About a month in to our daily drumming sessions, one of the staff met me in the hallway and said, “I noticed your guys finally changed up the rhythm.  That’s cool.”

I wish I’d taken that course in undergrad called Backhanded Compliments 101, because I think she just dished one out.

Since I’m not sure if you’re a music educator, I won’t bore you with the methods I used or the particular objectives I had in mind.  What’s important is that the guys were responsible for listening for empty space and filling it in with their own creation.  Some of them weren’t really comfortable with that.  For a long time, we ended up gravitating toward the same tempo with the same, slightly syncopated base rhythm.  No matter how we started off, someone pulled us to that comfortable place.

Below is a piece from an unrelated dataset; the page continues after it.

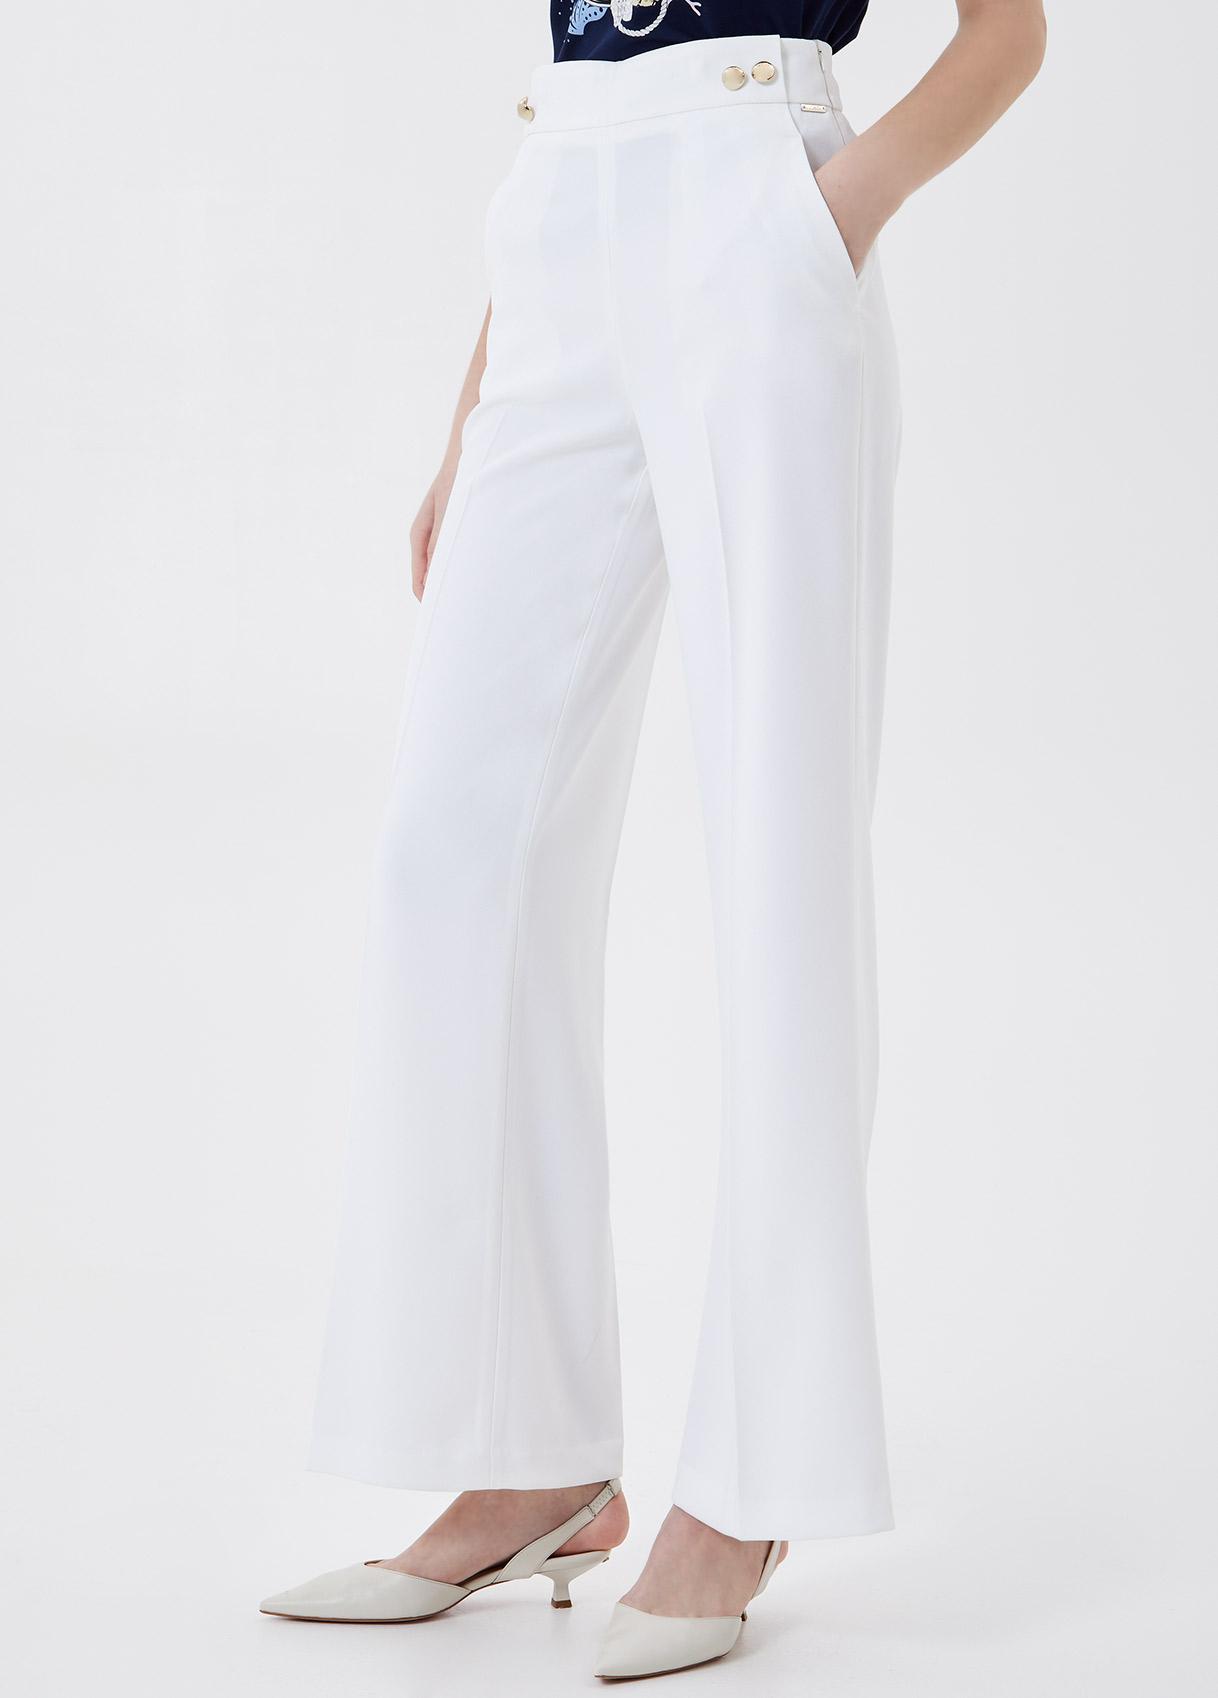 LIU JO | Trousers | WA1193T478610701

And then one day, someone got tired of the comfortable place.

During one exercise, I tell kids to listen (duh,) loop (repeat a simple idea over and over,) and lay out (occasionally just stop playing.)  This student, whom we’ll call James, just stopped playing.  I thought he was quitting for the day, because that was his general mode of operation. Our boredom with the rhythm morphed into a tiny tension as we wondered if there would be yet another showdown between Mrs. Lutz and James.

It turns out that he was actually following my suggestion and laying out so that he could listen, because he dropped the most pleasing, unexpected little chain of sounds in the middle of that musical space.  It felt like watching somebody cleanly jump in between the double dutch ropes after 25 kids had gotten smacked with them.  We straightened in our chairs and shifted the congas on our feet.  (Conga stands? We don’t need no stinkin’ stands.)  Our eyes went to his hands, and naturally, those students less comfortable bringing new ideas to the table were glad to try out his.  They couldn’t help but be drawn down the new path, because James gave it energy and commitment when he offered up his new idea.  Pretty soon, he had us pushing the tempo. Once we felt the new groove, other kids had new ideas that now seemed so obvious, even though they’d felt dry for ideas for almost a month.

This moment isn’t just about drumming or music or high school boys in an alternative school.

  • Sometimes boredom is the mother of creativity.
  • The listen-loop-lay out idea is wisdom in action.
  • It’s normal to feel a little anxiety right before the change happens.
  • Bad ideas will fail, but sometimes so will good ideas offered without commitment and energy.
  • One new idea often leads to another.

And you know that yogurt popsicle I showed you?  That turned into my favorite ten minutes of the following day.  All three of my kids and I sat on the kitchen floor and and laughed and ate together. I will definitely be doing that again, if ever I find myself with yogurt on the brink of being unsafe to consume.  And that mobile tea party?  She played with it for at least 8 minutes.  I don’t care, because it just felt good to try something new.